AI-assisted Tagging of Deepfake Audio Calls using Challenge-Response

Scammers are aggressively leveraging AI voice-cloning technology for social engineering attacks, a situation significantly worsened by the advent of audio Real-time Deepfakes (RTDFs). RTDFs can clone a target's voice in real-time over phone calls, making these interactions highly interactive and thus far more convincing. Our research confidently addresses the gap in the existing literature on deepfake detection, which has largely been ineffective against RTDF threats. We introduce a robust challenge-response-based method to detect deepfake audio calls, pioneering a comprehensive taxonomy of audio challenges.
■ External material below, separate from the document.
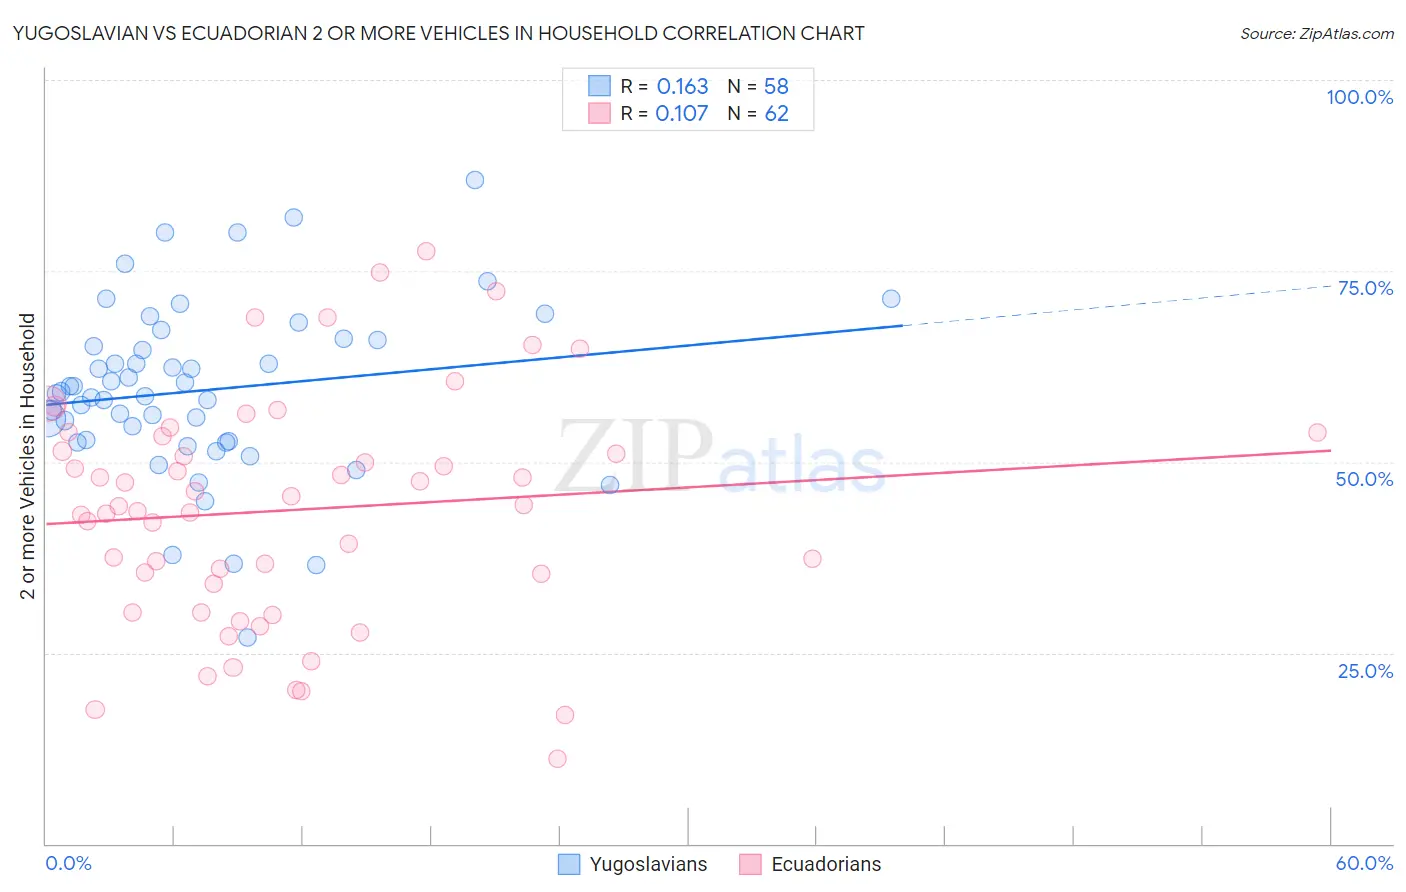 Yugoslavian vs Ecuadorian 2 or more Vehicles in Household

Our evaluation pitches 20 prospective challenges against a leading voice-cloning system. We have compiled a novel open-source challenge dataset with contributions from 100 smartphone and desktop users, yielding 18,600 original and 1.6 million deepfake samples. Through rigorous machine and human evaluations of this dataset, we achieved a deepfake detection rate of 86% and an 80% AUC score, respectively. Notably, utilizing a set of 11 challenges significantly enhances detection capabilities. Our findings reveal that combining human intuition with machine precision offers complementary advantages. Consequently, we have developed an innovative human-AI collaborative system that melds human discernment with algorithmic accuracy, boosting final joint accuracy to 82.9%. This system highlights the significant advantage of AI-assisted pre-screening in call verification processes. Samples can be heard at https://mittalgovind.github.io/autch-samples/

翻译：诈骗者正积极利用AI语音克隆技术进行社会工程攻击，而音频实时深度伪造（RTDF）的出现使这一问题显著恶化。RTDF可在通话中实时克隆目标人物的声音，使这些交互具有高度互动性，从而更具说服力。我们的研究有效填补了现有深度伪造检测文献中的空白——这些文献在面对RTDF威胁时基本无效。我们提出了一种基于挑战-响应的稳健方法用于检测深度伪造音频通话，并开创性地建立了音频挑战的综合分类体系。我们的评估将20种前瞻性挑战与领先的语音克隆系统进行了对比。我们编制了一个包含100名智能手机和桌面用户贡献的新型开源挑战数据集，生成了18,600个原始样本和160万个深度伪造样本。通过对该数据集的严格机器评估和人工评估，我们分别实现了86%的深度伪造检测率和80%的AUC分数。值得注意的是，使用一组11个挑战可显著提升检测能力。我们的研究结果表明，将人类直觉与机器精度相结合具有互补优势。因此，我们开发了一种创新的人机协作系统，该系统将人类辨别力与算法准确性相融合，将最终联合精度提升至82.9%。该系统凸显了AI辅助预筛选在通话验证过程中的显著优势。示例音频可访问 https://mittalgovind.github.io/autch-samples/ 聆听。